Background: This new modulation method for achieving efficient high data transmission through inductive links. Inductive links have been extensively used for short-range data and power transmission and are quickly becoming one of the most common methods to wirelessly send power and data from the power source to several electronic devices.  The major challenges that limit the widespread commercialization of inductive links include achieving high power transmission efficiency, providing high data transmission bandwidth, and improving coupling sensitivity.

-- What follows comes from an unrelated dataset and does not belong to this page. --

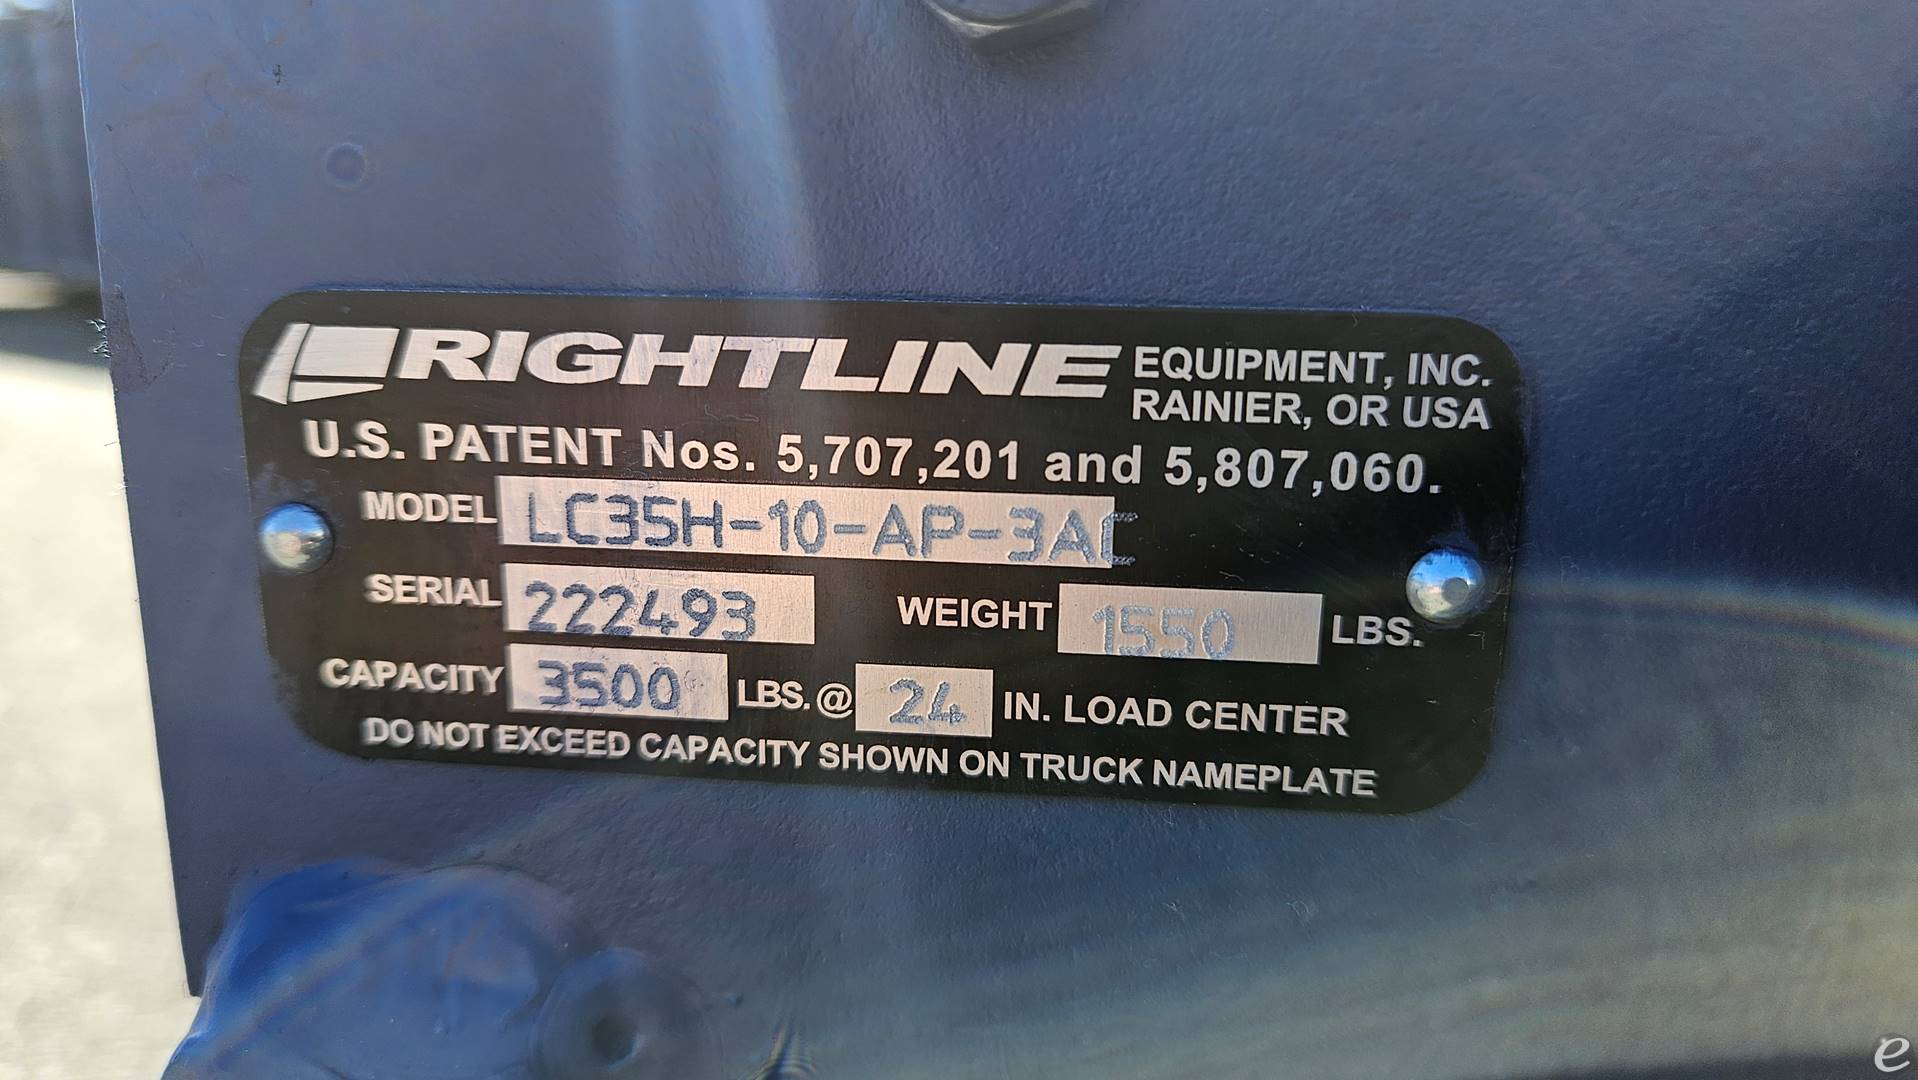 2022 Rightline LC35H-10-AP-3AC

Technology:  Maysam Ghovanloo and Mehdi Kiani from the School of Electrical and Computer Engineering at Georgia Tech have developed a novel modulation technique that uses very narrow pulses for wireless transmission of serial data bits through an inductive link. Called Pulse-Delay Modulation (PDM), this new modulation method transmits data via a pattern of successive pulses. PDM facilitates higher data transmission rates in the presence of strong power carrier interference. This reduces power consumption on the transmitter and improves the signal-to-noise ratio of data communication.

This system includes a new wireless data link along with a conventional wireless power link. The wireless data link consists of three major components: transmitter (Tx), inductive link, and receiver (Rx). The Tx consists of a Pulse-Pattern Generator (PPG), which produces a pattern of one or two pulses for every data bit. The transmitted data pulses do not have any considerable effects on the power carrier in the power transmission path. The use of a separate inductive link for power transfer allows the power transfer efficiency to remain high while maintaining a high data transmission bandwidth.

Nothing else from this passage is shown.